Ernesto De La Loza
“LA Real”
ON VIEW 8/23/25 - 10/4/25
"LA Real" is a powerful art exhibition and testament to Ernesto de la Loza's profound connection to Los Angeles and its communities. Through nearly five decades of art, de la Loza weaves together personal memory, social activism, and cultural identity, capturing the city's complexities with compassion and insight. This exhibition honors his role as both artist and activist, showcasing how his work not only reflects historical and political movements but also gives voice to resilience, beauty, and the ongoing struggles of everyday Angelenos. By bridging public murals with intimate paintings, "LA Real" invites viewers to engage deeply with Los Angeles' layered histories and inspires a renewed understanding of art's capacity to document, challenge, and transform community life.
View "LA Real" Artwork
BIOGRAPHY
Ernesto de la Loza (b. 1949, Los Angeles) is a painter, muralist, and sign painter whose eclectic artistic practice spans more than fifty years. In the early 1970s, extensive travels— largely by bicycle—through Europe, Mexico, and across the United States deeply influenced his artistic formation. Immersing himself in a broad historical spectrum of art and vibrant countercultural movements, both locally and internationally, he embarked on a lifelong creative journey that is expansive in scale, scope, and style. His work both documents and transforms the social, cultural, and physical landscapes of Los Angeles.

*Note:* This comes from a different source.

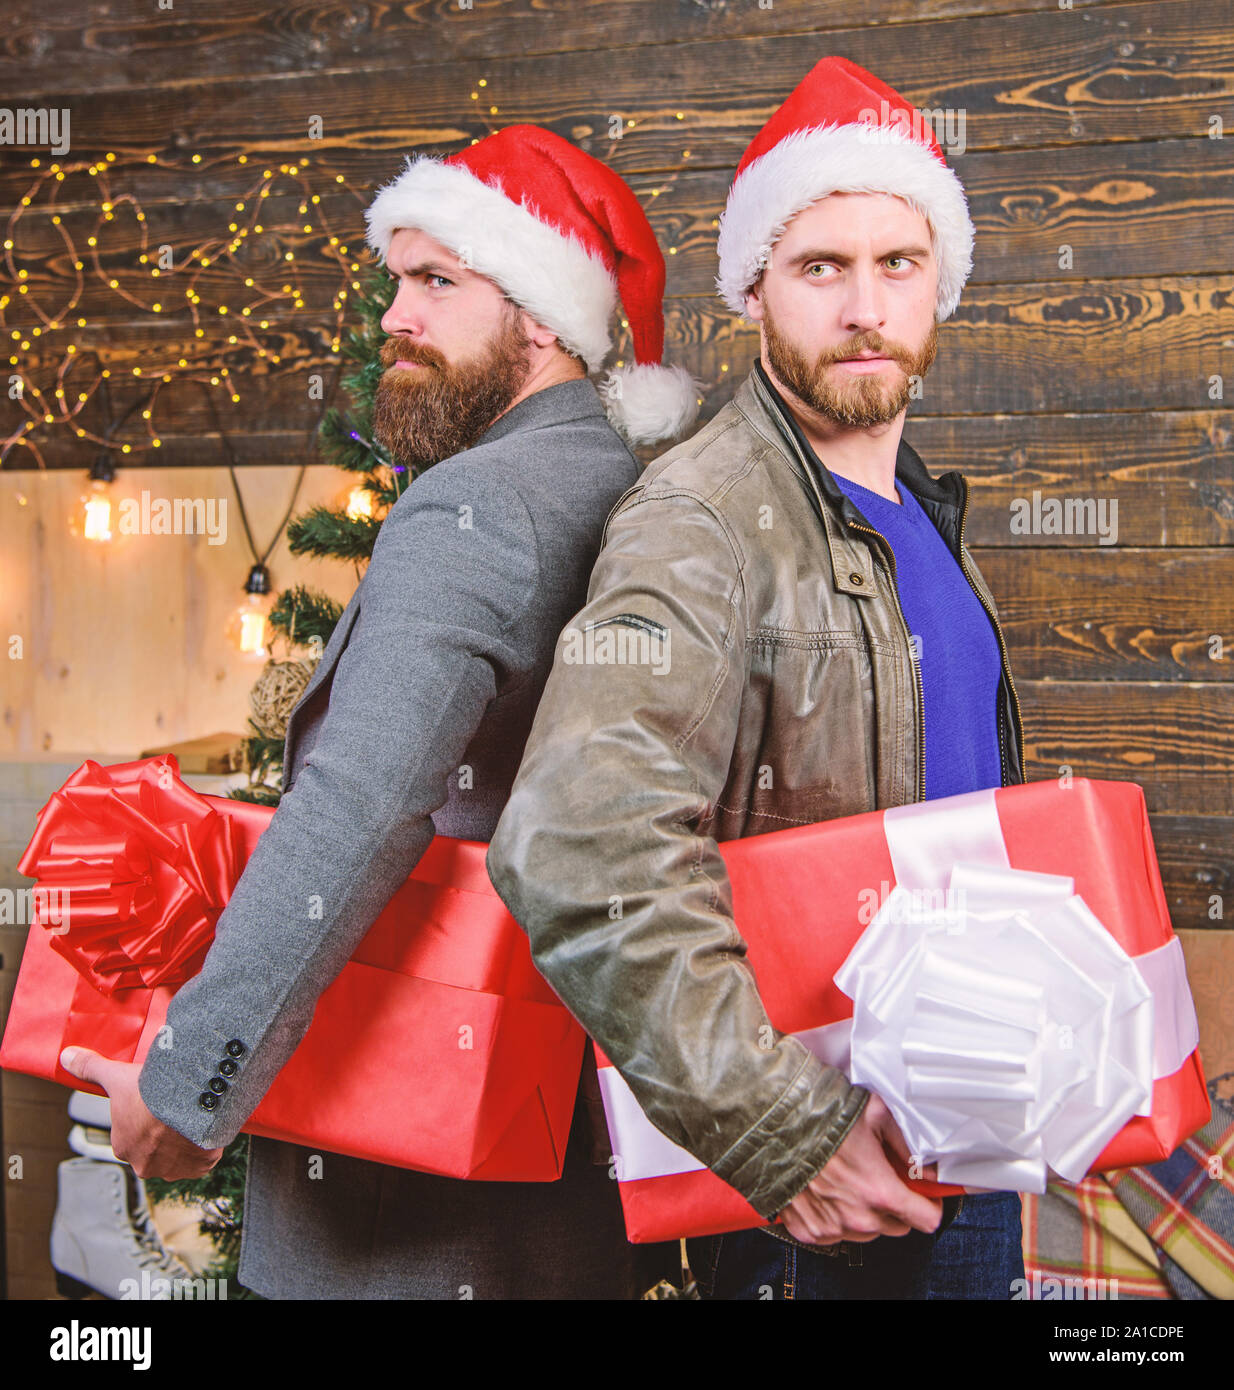 Men Wear Santa Hat Hold Gift Boxes Bearded Men Carry Present Boxes Delivery Christmas Present Christmas Is Coming Brutal Hipster Guys Celebrate Christmas With Gifts Get Ready For Christmas Stock Photo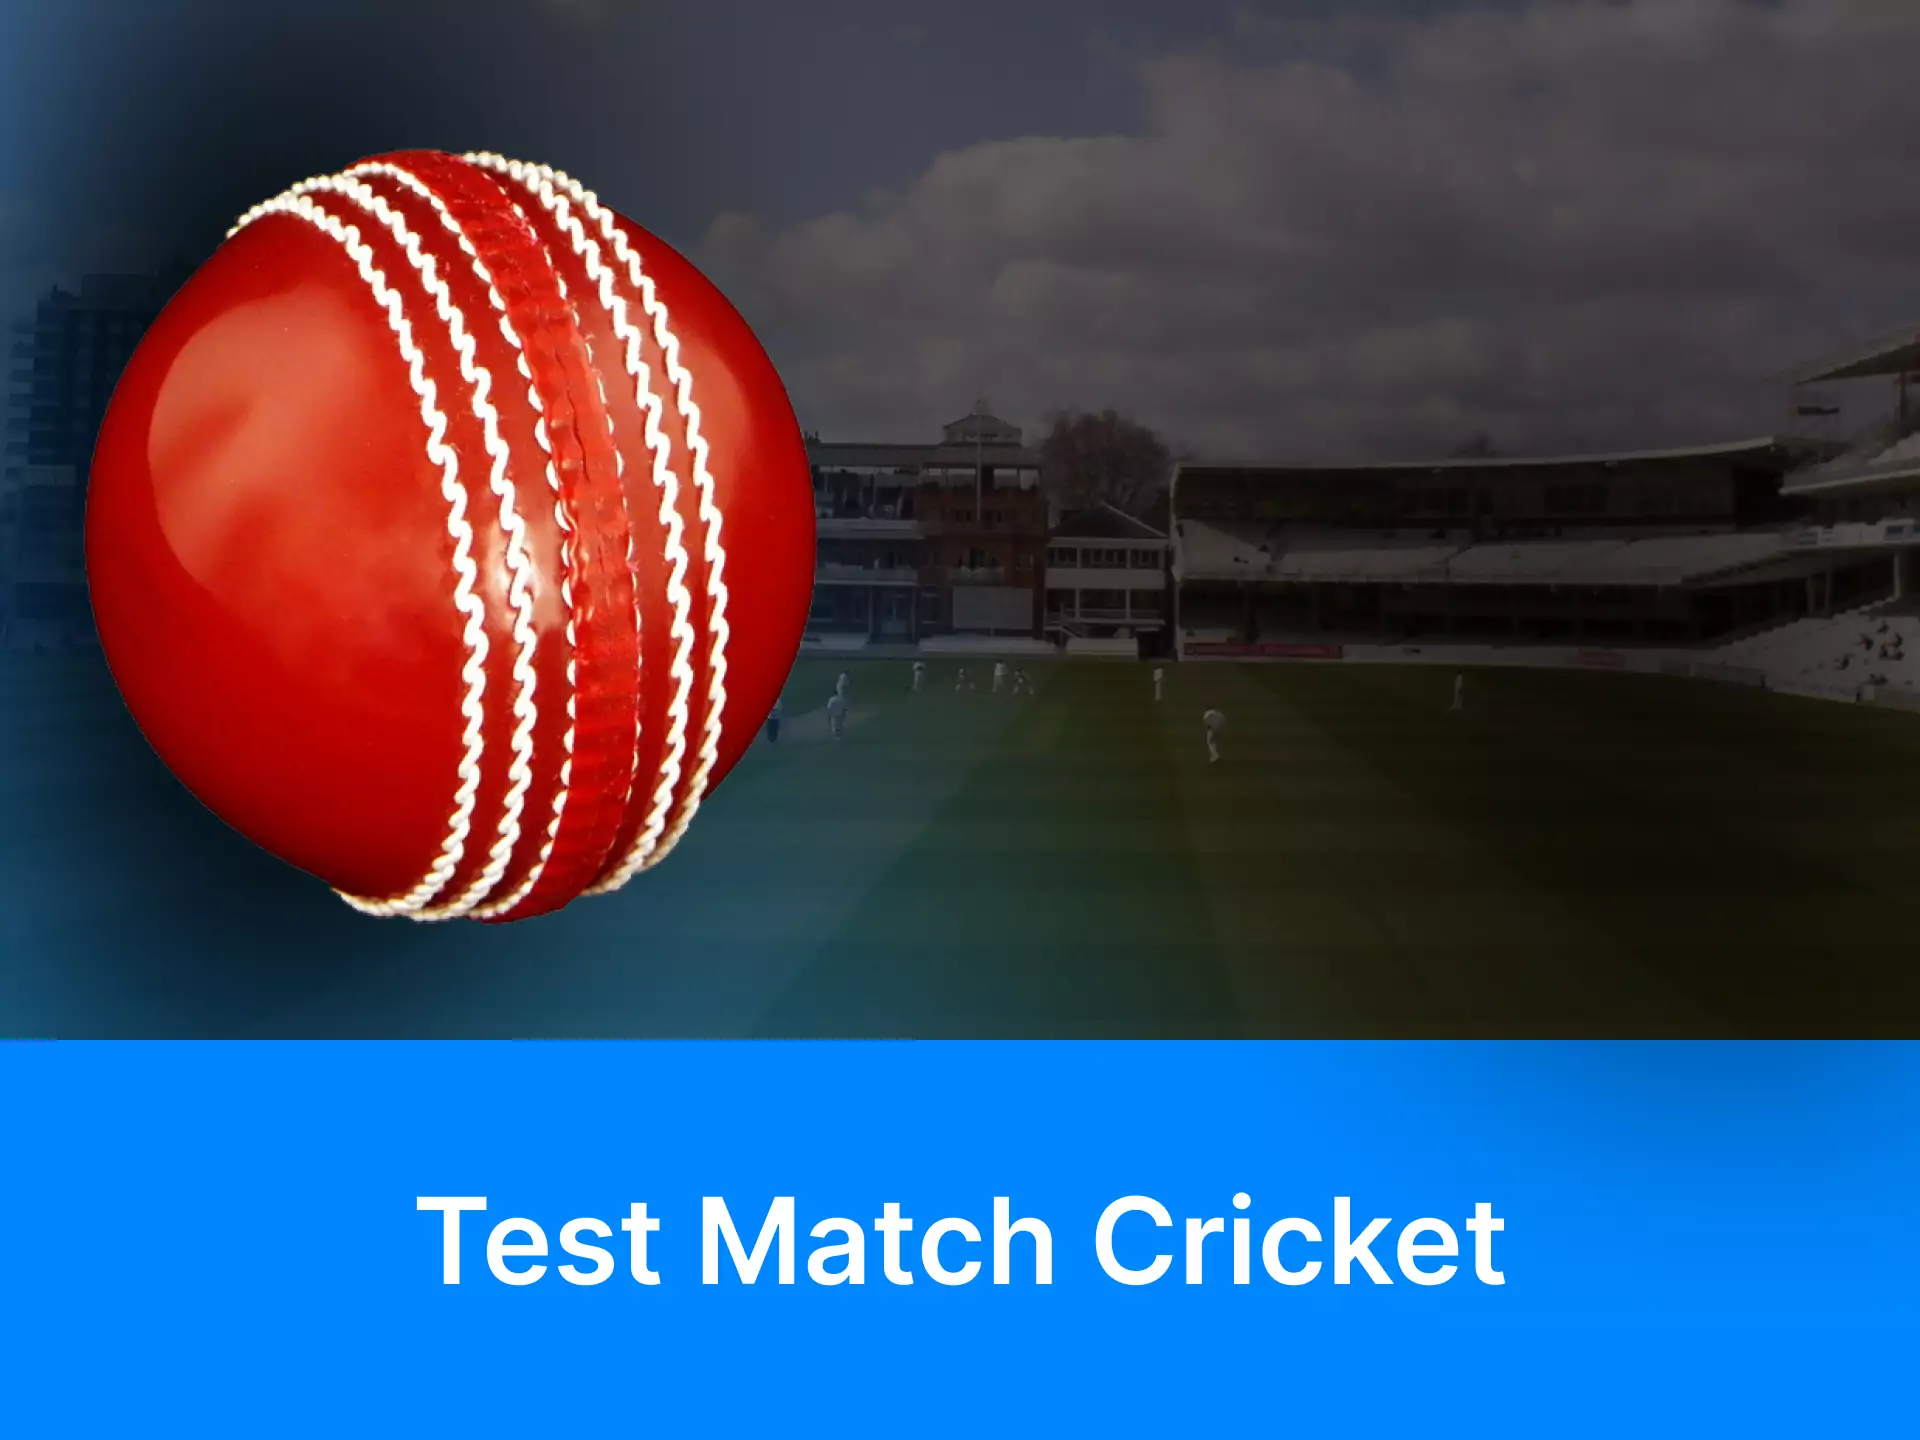 Find out why it was and still is important to play the format of Test Match cricket.

Upon returning to Los Angeles in the mid-1970s, de la Loza became an active participant in the city’s burgeoning Chicano and public mural movements. From the iconic White Eagle’s Dance at the Alameda Theater on Whittier Boulevard (1978) to his recent mural Earth Mother at Planned Parenthood in Highland Park (2022), de la Loza has completed over three dozen large-scale murals across Southern California. Central to his approach is a commitment to working-class communities of color—bringing art to the streets, energizing concrete walls with vibrant imagery, and fostering youth engagement through education, employment, and mentorship.
Collaborating with organizations such as SPARC (Social and Public Art Resource Center) and the Mural Conservancy of Los Angeles, de la Loza views the mural as a transformative platform —one that allows for creative risk-taking and the expression of urban culture and often- overlooked experiences through visual language and public aesthetics.
In the 1980s, de la Loza expanded his dedication to outdoor painting by studying with renowned billboard artist and educator Mario Rueda. Under Rueda’s mentorship, he honed his skills in portraiture, 1970s supergraphics, plein-air techniques, color theory, and hand-lettering. This training led to work with the outdoor advertising agency Foster and Kleiser. These experiences enriched his studio practice and contributed to a highly versatile body of easel paintings that stretch across photorealism, abstraction, and pop art—demonstrating his enduring interest in the elasticity of painting.
From the 1990s to the present, de la Loza has exhibited in numerous galleries and museums. In 2005, he received the City of Los Angeles Individual Artist (COLA) Master Artist Fellowship. His work was also featured in the traveling exhibition Murales Rebeldes (2017–2019), part of the Getty’s Pacific Standard Time initiative. His contributions to the visual landscape of Los Angeles have been widely documented in books, exhibitions, and films.
ARTIST STATEMENT
LA Real is my first retrospective survey, marking a significant moment in my journey as a painter and muralist. This exhibition brings together a wide range of my work—both small and large-scale paintings—alongside ephemera and archival materials that trace nearly five decades of my artistic path.
As a lifelong resident of Los Angeles, I’ve been both a witness to and participant in the city’s ever-evolving story. My work reflects the cultural shifts, political movements, and diverse landscapes that have shaped this city over time. Through a singular and evolving body of work, I’ve tried to capture L.A.’s layered histories—interweaving its complexities, aesthetic traditions, and the beauty and tragedy of its sunny facades and shadowed realities.
In LA Real, I include murals, letter-based art, portraiture, and plein air paintings that move across time, mythologies, and cultural languages—each piece as expansive, dynamic, and unruly as Los Angeles itself. My intimate, serene plein air oil paintings of Echo Park Lake sit beside more haunting depictions of sunsets and wildfires—scenes that speak to both natural beauty and environmental crisis.
The gold-leafed portraits of the city’s “fallen angels” are my meditations on the hidden and shadowed sides of L.A.’s cultural, political, and spiritual structures. Alongside these are tender portrayals of everyday Angelenos, capturing fleeting moments of hope, resilience, and beauty. I also bring together clashing icons from pop culture, cinema, and both epic and forgotten historical events—through sign painting, pop art, and abstraction—to create a layered, visionary portrait of the city I know: always in flux, always revealing something new.